Have you ever thought about the fact that we won’t have mortgages in Heaven? We get to live in our dream home, free and clear! No mortgages, light bills, water bills, trash bills, phone bills, or internet bills. We won’t have them, nor will we need them.

In my Father’s house are many mansions: if it were not so, I would have told you. I go to prepare a place for you. And if I go to prepare a place for you, I will come again, and receive you unto myself; that where I am, there ye may be also.” John 14:2,3

It’s mind blowing to me that He’s not only preparing a place for us, but also that He wants us where He is. No matter the size, architectural style, paint color, flooring, or acreage of the homestead He graciously GIVES us, it will be our personally ideal home. A home like no other. A home like our humanly minds can’t comprehend. Our resting place. And we will have Jesus as our neighbor! I can’t imagine a warmer welcome.

Have you ever thought about the fact that there will be no more grocery bills, school bills, medical bills, day care, vacation costs, or taxes? We work and work and work and pay and pay and pay. We work hard to pay our bills and hope for some leftover money to entertain ourselves and our families with. In Heaven there will be no need for any of these expenses.

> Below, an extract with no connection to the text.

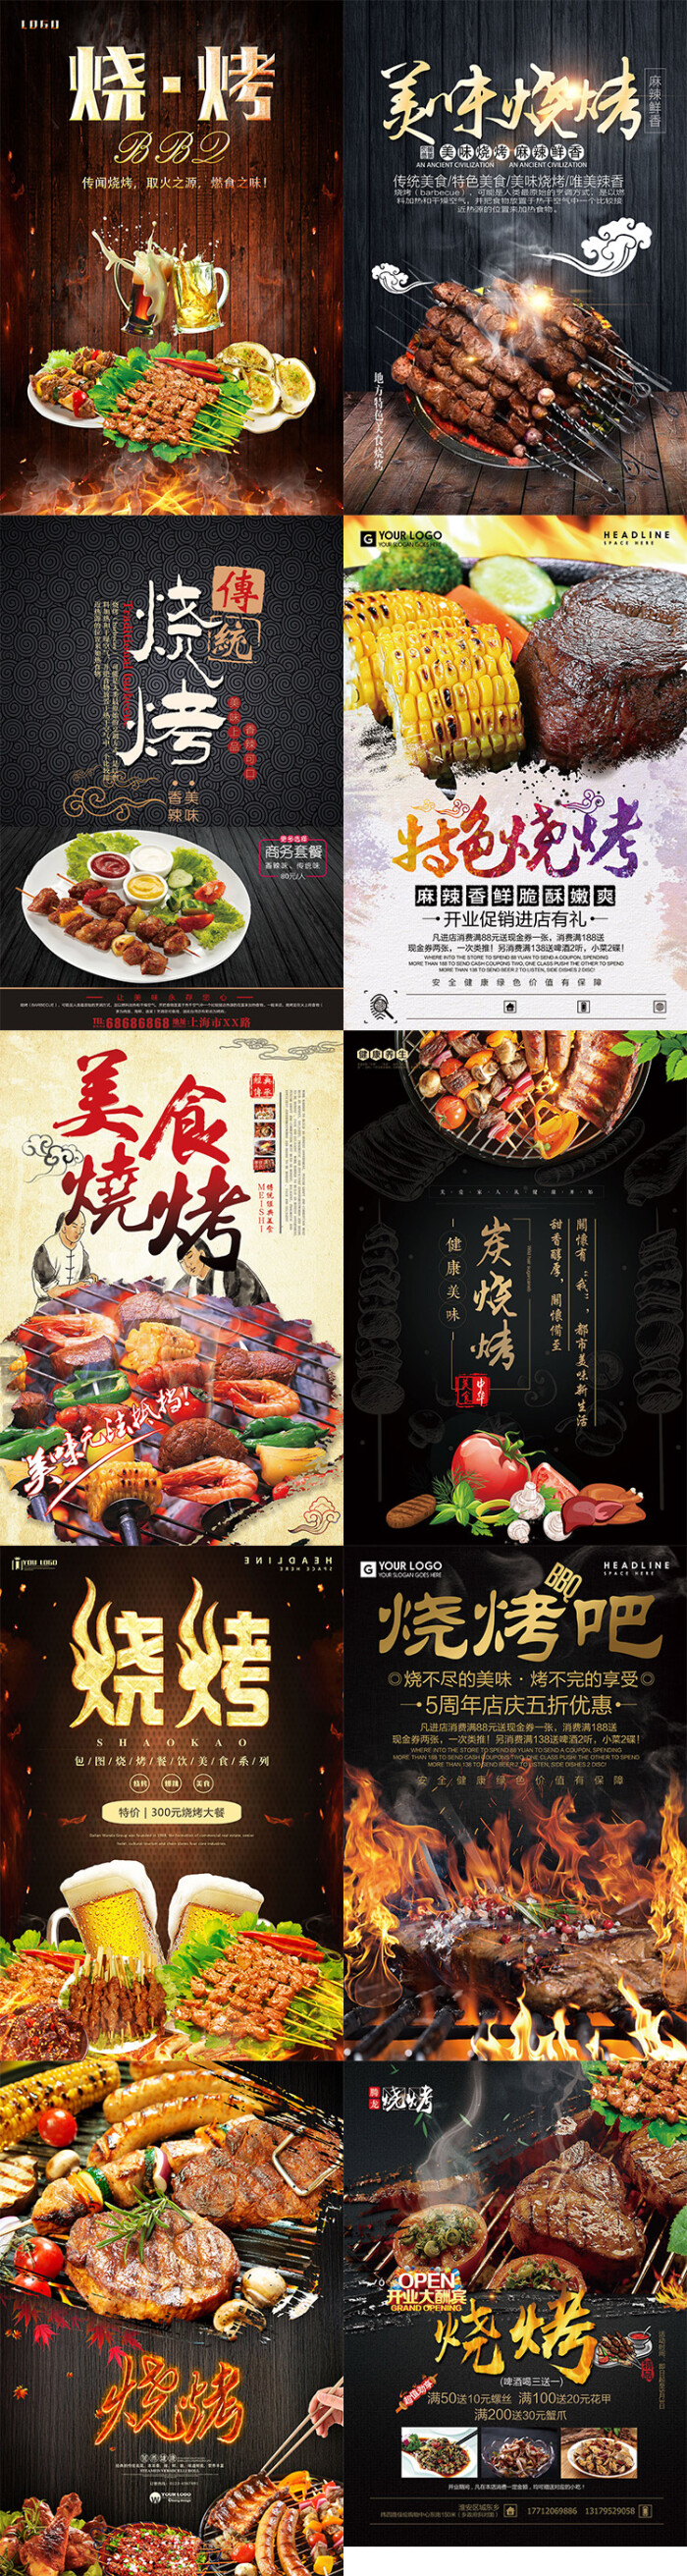 美食宵夜日韩bbq自助烧烤外卖大排档餐厅饭店海报传单模板版素材

We won’t need checkbooks, ATMs, credit cards, insurance, retirement accounts, or new tires. No travel costs. No baggage fees. No security lines. No gas pumps. No oil changes. No tolls. No hotel costs. Life will be an eternal all-inclusive vacation from what we’ve grown accustomed to. I can’t even imagine…

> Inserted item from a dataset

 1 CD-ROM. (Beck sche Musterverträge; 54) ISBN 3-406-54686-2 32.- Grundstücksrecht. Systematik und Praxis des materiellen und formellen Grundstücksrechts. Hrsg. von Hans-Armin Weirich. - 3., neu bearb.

No eye has seen, no ear has heard, and no mind has imagined the things that God has prepared for those who love Him. 1 Corinthians 2:9

Where the streets are paved with gold and the gates are made of pearls, there is no need for online bill pay, stamps, or paydays. The relief of all financial responsibilities is not something I used to think about when I thought of Heaven. Now, raising 2 girls, it strikes a much deeper chord. There are so many reasons I yearn for Heaven…..

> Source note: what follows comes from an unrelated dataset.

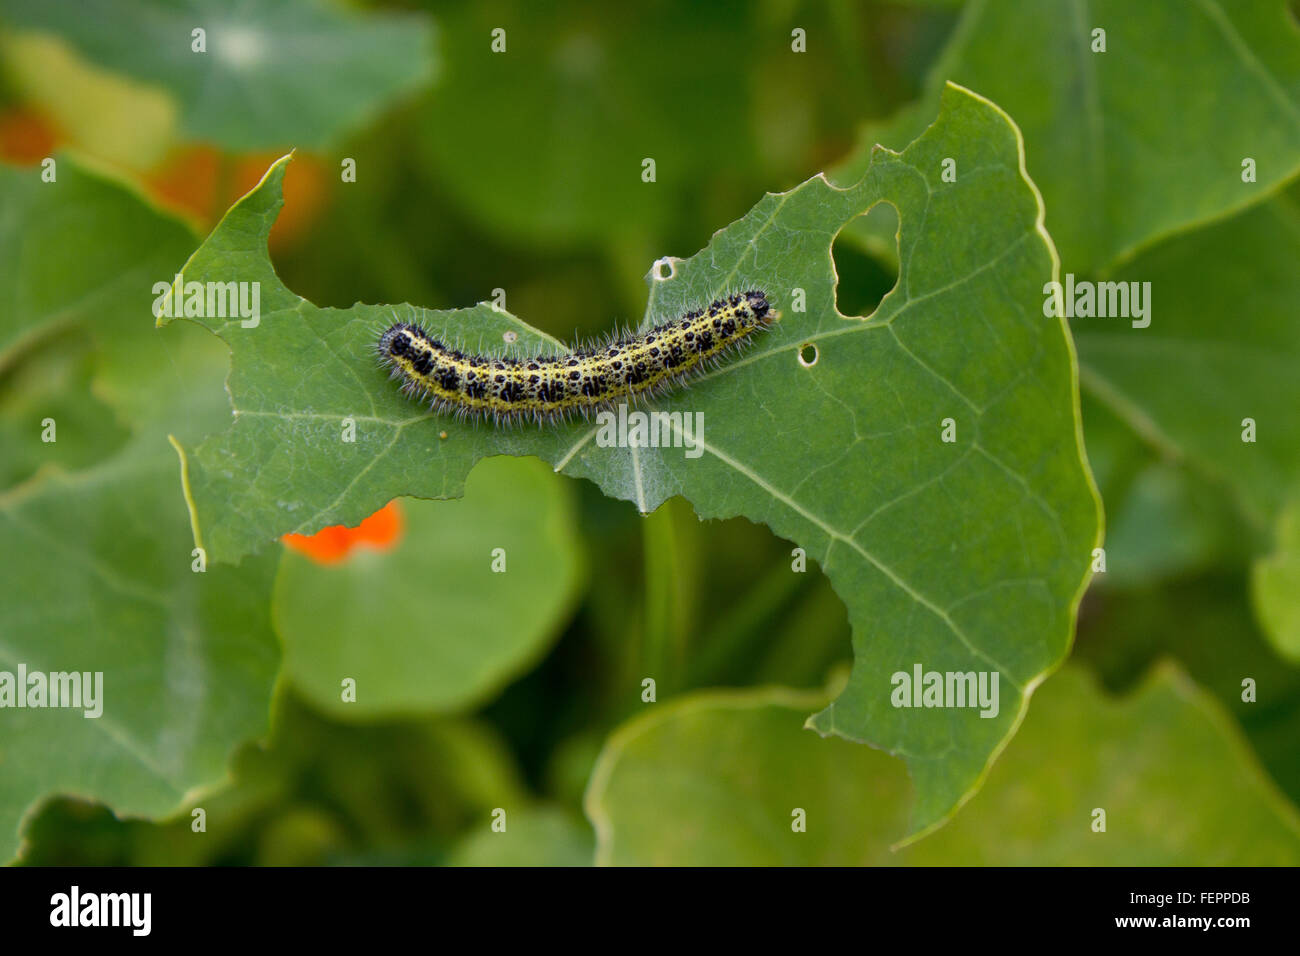 Caterpillar on eaten leaf Stock Photo

No more death, seeing our loved ones again, no more physical or emotional pain, no more violence, no more diseases to catch or panic over, and living in the light of The Lord’s physical presence gives me more hope and excitement than I can articulate with this keyboard!

Coolest part? God wants us home with Him even more than we want to go home! Now, that’s hard to imagine. He is the ultimate Provider. He sent His Son to die for us so that we could live with Him there….forever. ALL EXPENSES PAID!